Sarah Wall

Personal information
- Born: 16 October 1984 (age 41)
- Occupations: Owner NETFIT. Previously Creative Director, Jeanieboy.
- Height: 1.74 m (5 ft 8+1⁄2 in)

Netball career
- Playing positions: WA, C
- Years: Club team / Apps
- 2005–07: Melbourne Phoenix
- 2010: Queensland Firebirds
- 2009: Melbourne Vixens
- 2011: New South Wales Swifts

= Sarah Wall =

Australian netball player (born 1984)

Sarah Wall (born 16 October 1984) is an Australian netball player. She currently plays for Giants Netball in the Suncorp Super Netball competition, as an injury replacement player. She has previously played for the New South Wales Swifts. In 2005 she played her first year of elite netball, for the Melbourne Phoenix in the Commonwealth Bank Trophy. She played three years with the Phoenix until the competition was disbanded in 2007. She was not signed with a team in the new ANZ Championship in its inaugural season the following year. But in 2009 she received a callup to the Melbourne Vixens. In 2010 Wall transferred to the Queensland Firebirds, but towards the end of the 2010 season she injured her CL. In August that year she signed back with the Vixens on a two-year contract starting in 2011.

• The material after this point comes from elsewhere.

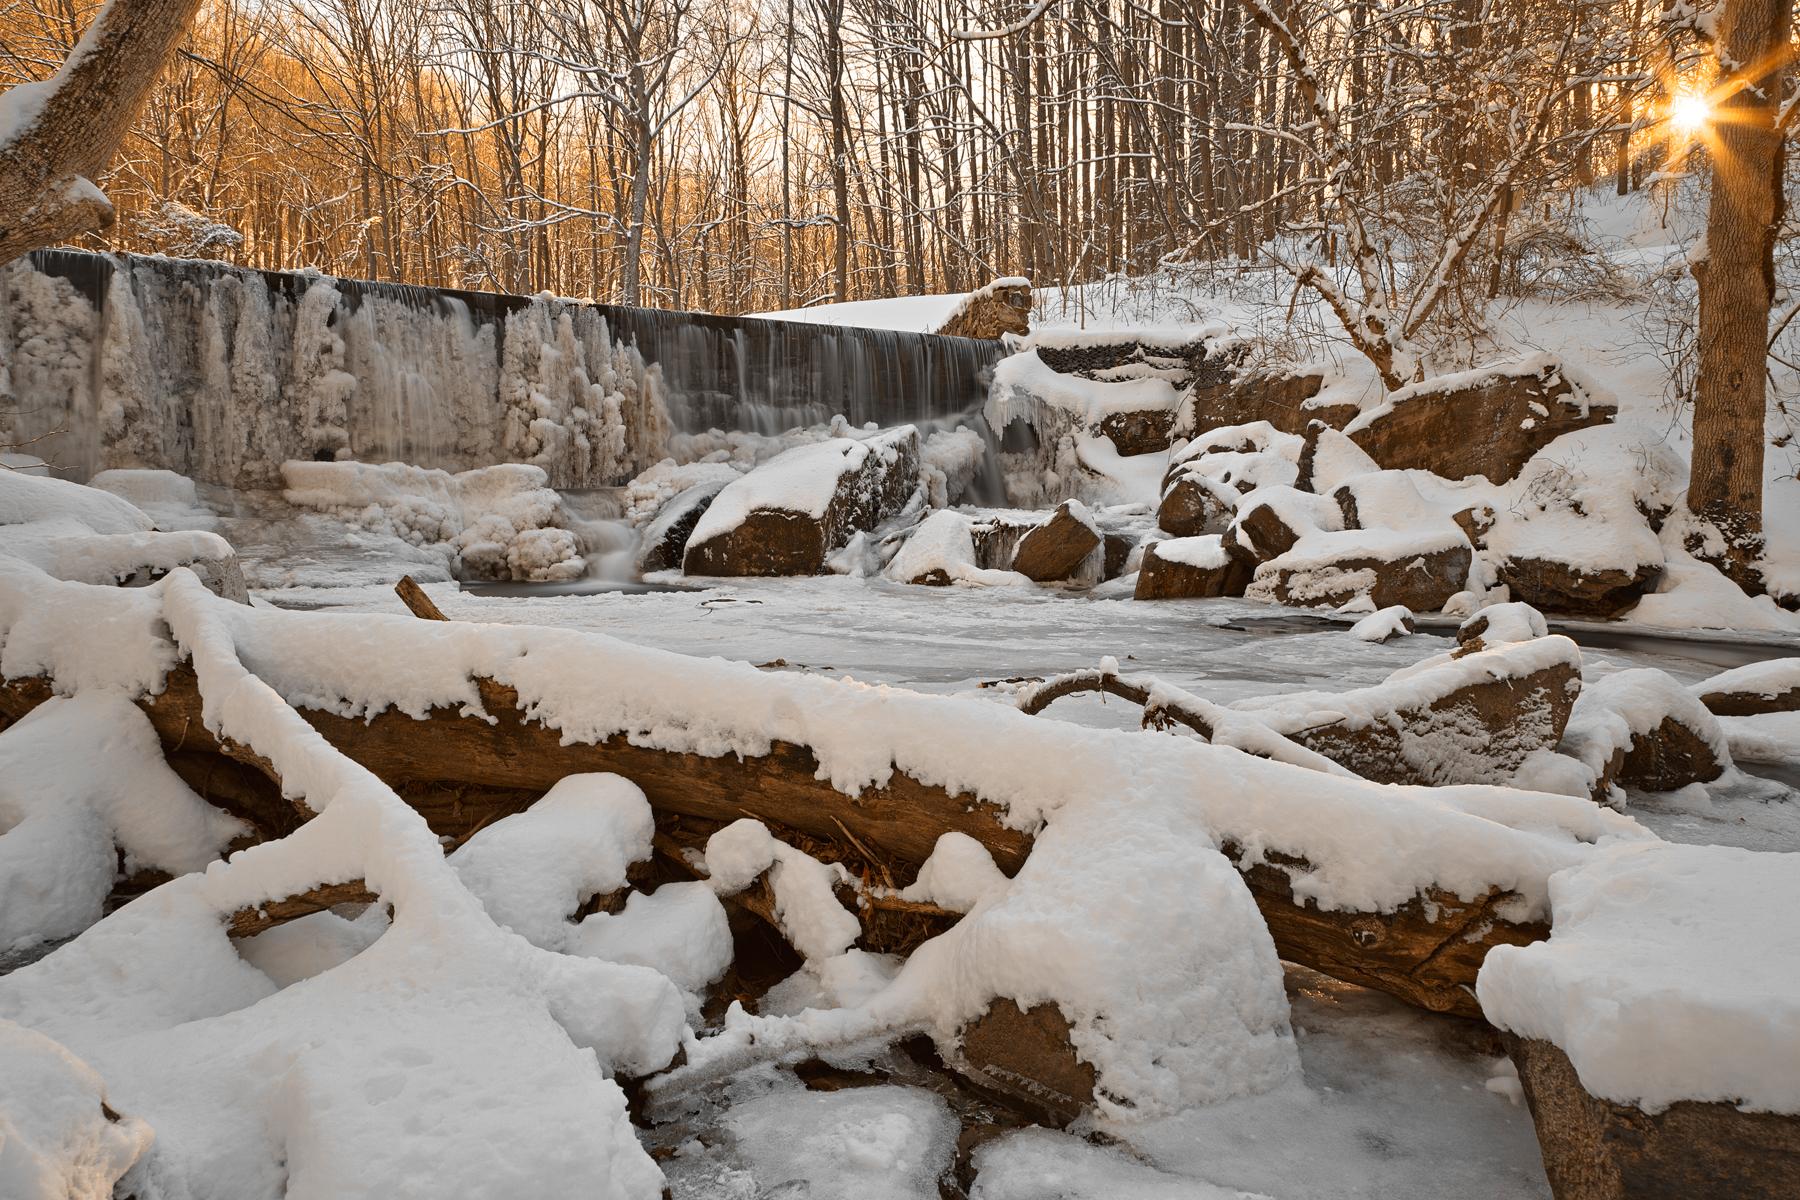 Susquehanna Winter Sunset Falls - HDR, America, Shine, Serenity, Shade, HQ Photo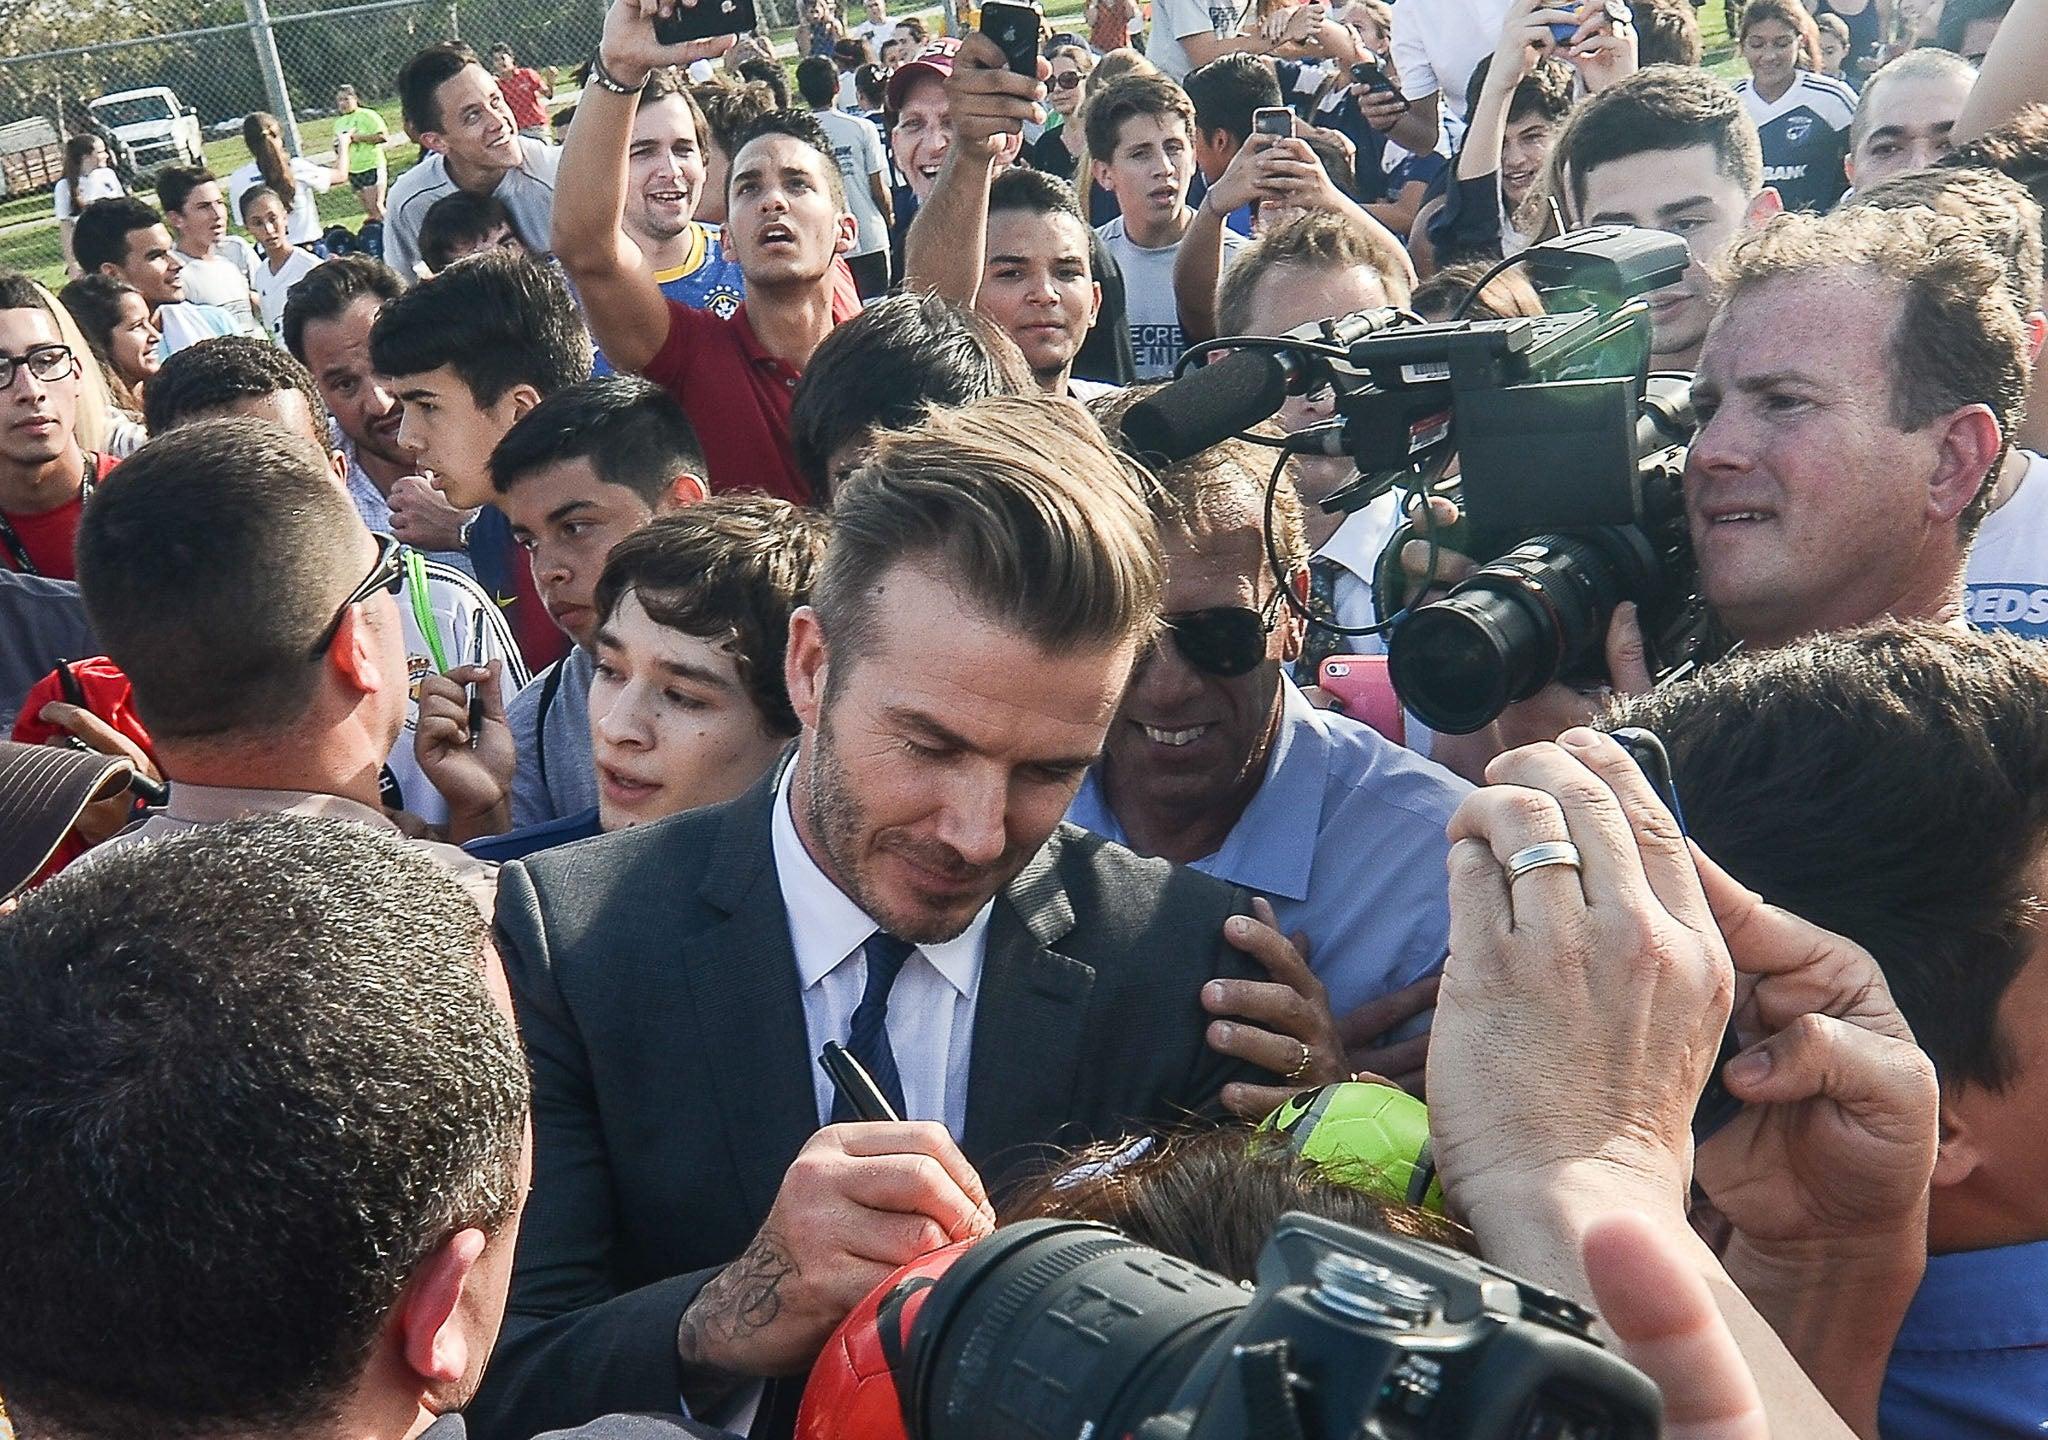 David Beckham Mobbed Frightening Footage Of Fan Crush As Star

Experienced Victorian midcourter Wall was called into the NSW Swifts side in Rounds 4 and 5 of the 2014 ANZ Championship as a replacement player for Paige Hadley who suffered a season-ending knee injury prior to Round 2.

A wing attack with four years of ANZ Championship experience, Wall fitted seamlessly into the Swifts attacking line, and was named the permanent replacement for Hadley for the remainder of the 2014 ANZ Championship on 4 April 2014 - read the announcement. She was rewarded for her contribution to the team with the 2014 NSW Swifts Coaches' Award.